The transition of developers to the use of escrow accounts
Legislators are pushing developers in every possible way now switch to escrow account mechanism... For those making the transition, it continued to reduce some of the requirements and provide a number of benefits:
- Firstly, if the developer formalizes and conducts work through an escrow account, with an increase in sales, the rate on a construction loan may be reduced (up to about 5%). This is due to the fact that as funds arrive on the account (from the conclusion of transactions with citizens), an amount is accumulated, which will eventually be guaranteed to be paid to the bank.
- Secondly, the transition to escrow accounts allows construction to be carried out only depending on bank financing, the volume of sales does not affect the pace of construction.

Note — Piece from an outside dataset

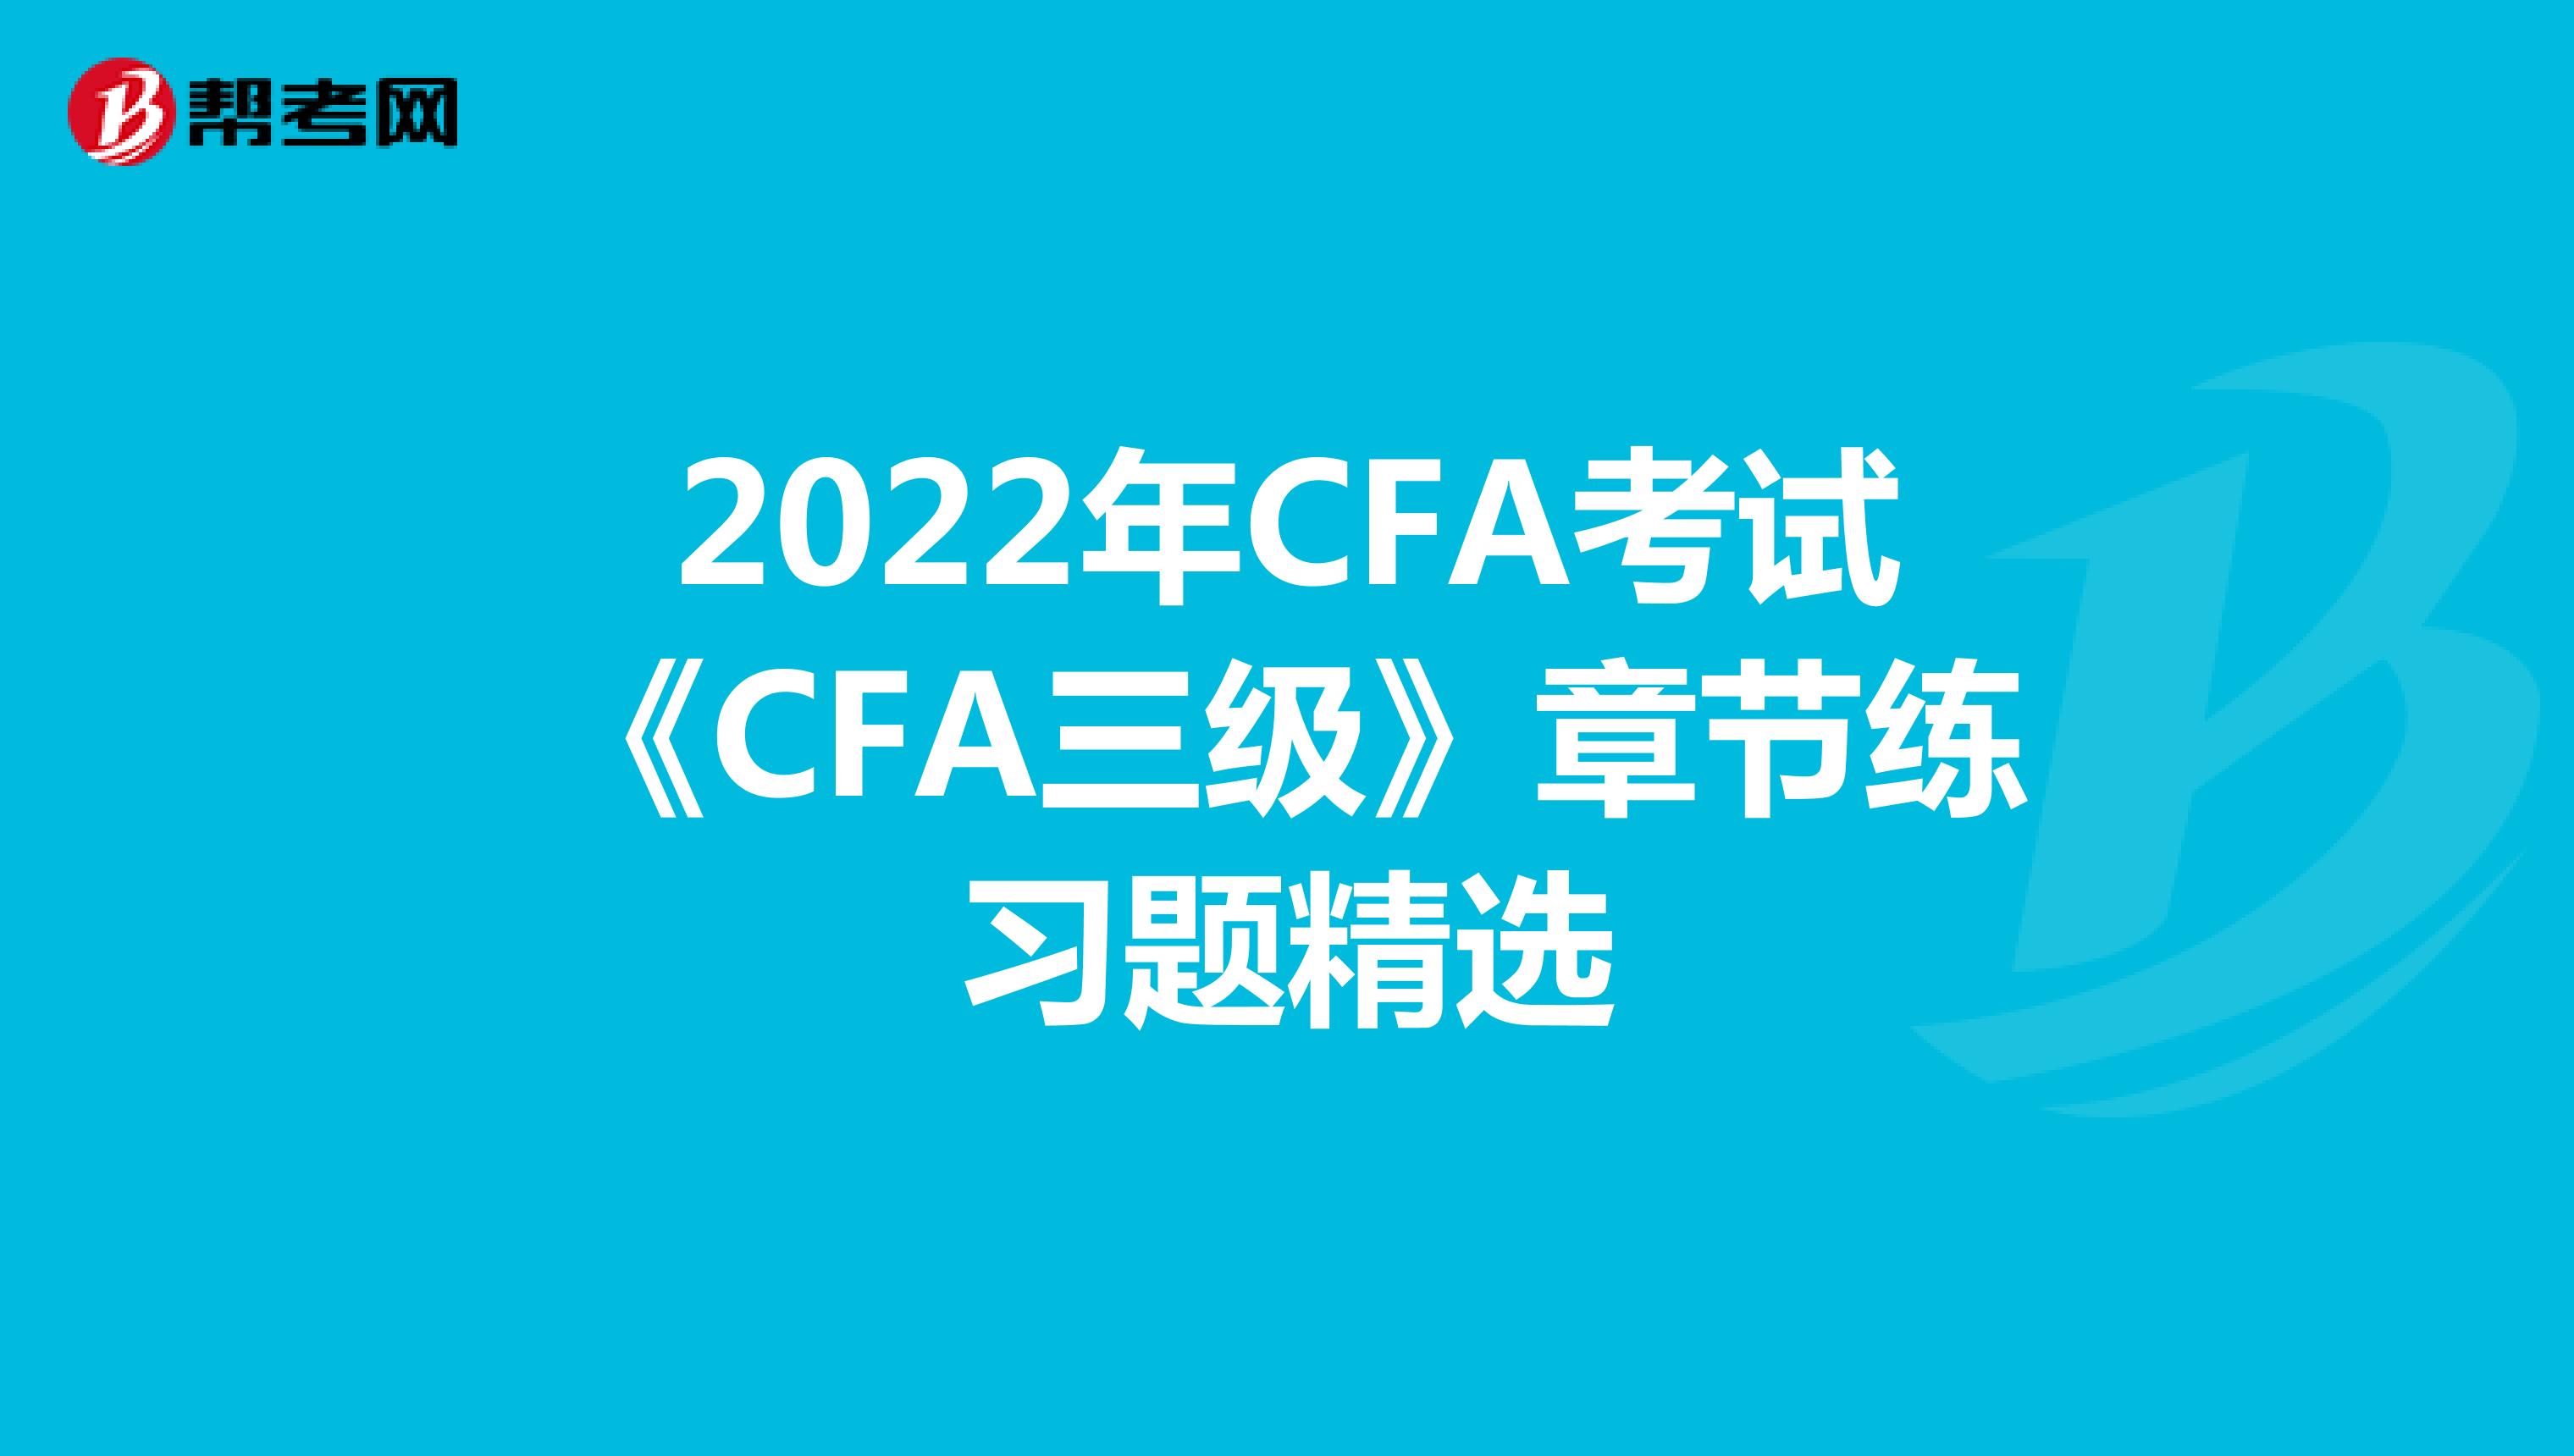 2022年CFA考试《CFA三级》章节练习题精选
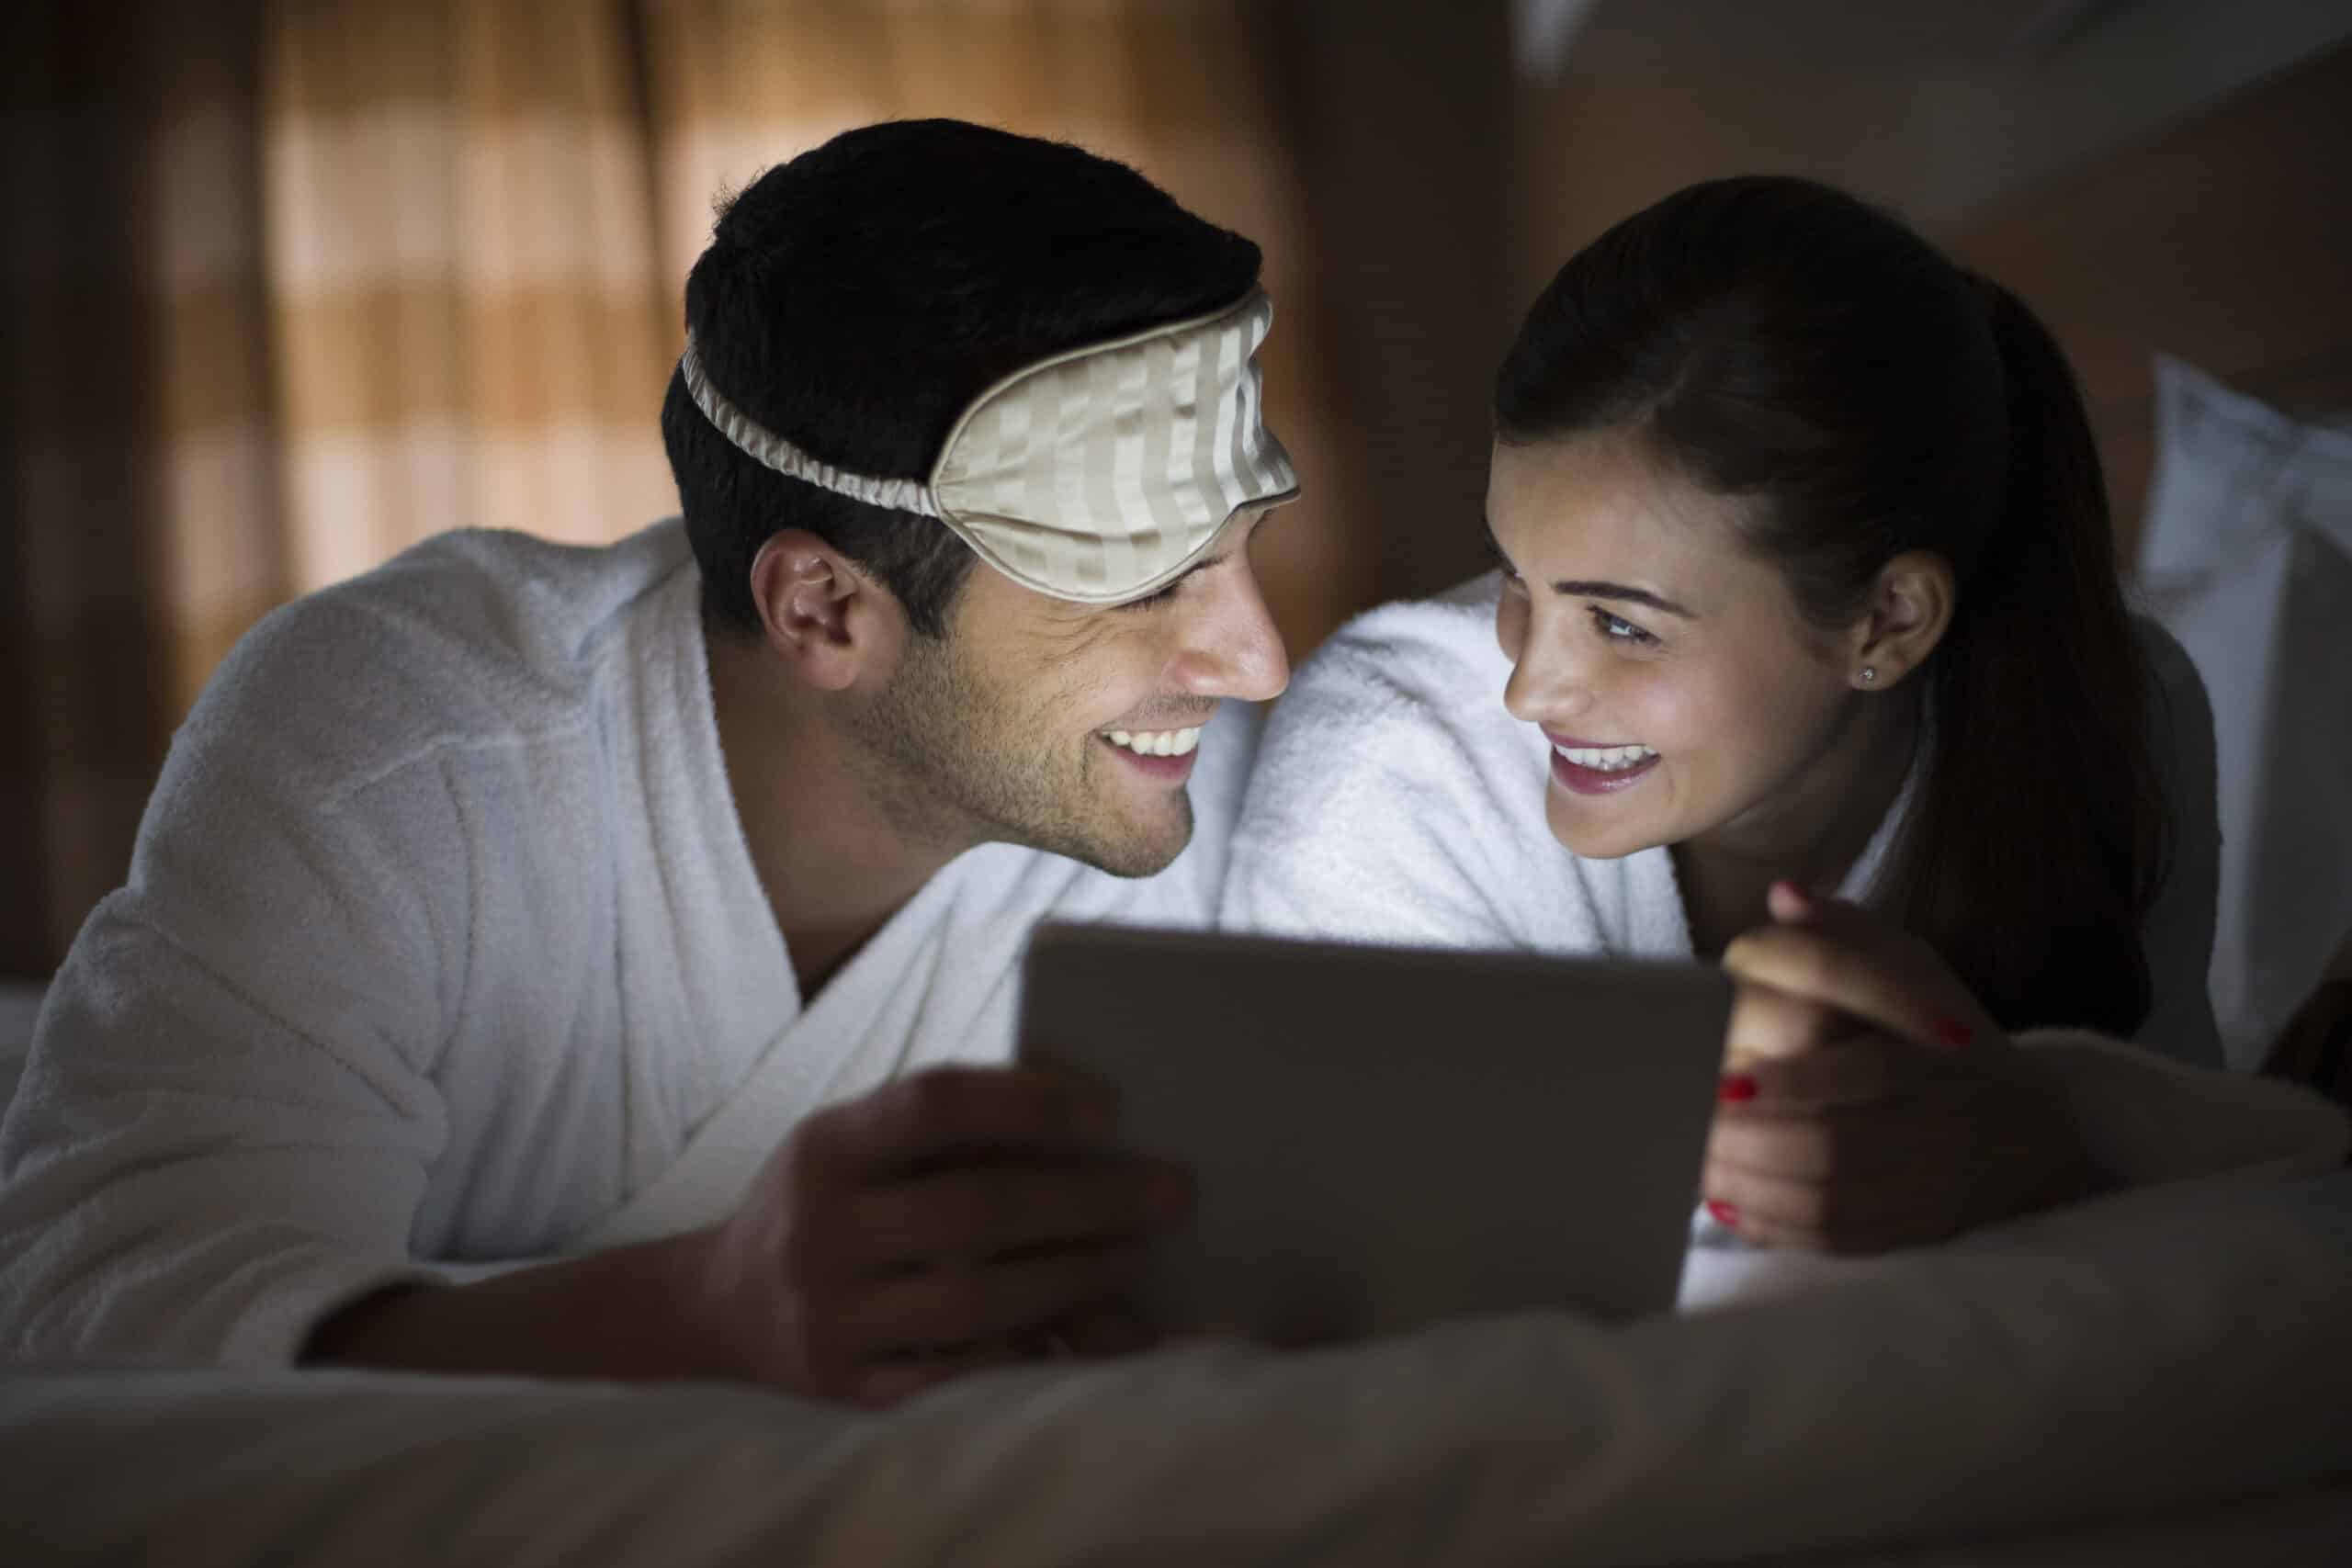 Ein lächelnder Mann und eine lächelnde Frau in weißen Bademänteln liegen im Bett und schauen auf ein Tablet. Der Mann trägt eine Augenmaske, die er auf die Stirn geschoben hat. Das Zimmer ist schwach beleuchtet, was für eine gemütliche Atmosphäre sorgt. © Fotografie Tomas Rodriguez

- Third, bank-financed construction is more attractive to apartment buyers through insurance and favorable conditions storage of funds.
According to RBC, currently approved, those entitled to open escrow accounts (their list is published on the website of the Central Bank), including Sberbank, B&N Bank, Alfa-Bank, Raiffeisenbank, etc.
What will happen to shared construction and preschool education from July 1, 2019?
Go to project financing in housing construction ends on July 1, 2019, which indicates that developers are prohibited from entering into transactions with equity holders under the old rules. This means that the attraction of funds from citizens will be possible only through escrow accounts (there is a separate account for each shareholder).
By December 31, 2020, it is planned that the share of contracts concluded using escrow accounts will be 95%.
However, for projects for which a building permit has been obtained before the introduction of amendments to 214-FZ, the new rules do not apply, and the sale of apartments in such residential complexes will be drawn up through the conclusion of the preschool educational institution according to the old procedure.
Since it is impossible to open escrow accounts without the participation of a bank, equity agreement changes await too. This agreement in its previous form is outdated and does not correspond to the new requirements in the field of shared construction. The contract becomes tripartite- shareholder, developer, bank - which, accordingly, will entail changing and supplementing the terms of the contract. It is also likely that the document will be named differently.
The transition to project financing undoubtedly means the beginning of the process cancellation of shared construction, which, according to the forecasts of legislators, will cease to exist by 2021.
How real estate prices will change after the cancellation of the equity participation
To the question - will the apartments become more expensive after the abolition of shared construction - experts and specialists in housing construction give mixed answers. Opinions on this matter are divided:
- Some believe that the rise in house prices can be significant. This is explained by the fact that the participation of banks (interest on a loan for a construction project, the cost of using escrow accounts, etc.) can entail a number of additional costs for a developer who can shift some of the costs to the buyer by raising apartment prices.
- Others are inclined to believe that if prices rise, then only slightly (no more than 8%). According to this group, everything depends on how banks will formulate prices for housing and provide preferential rates when lending to developers.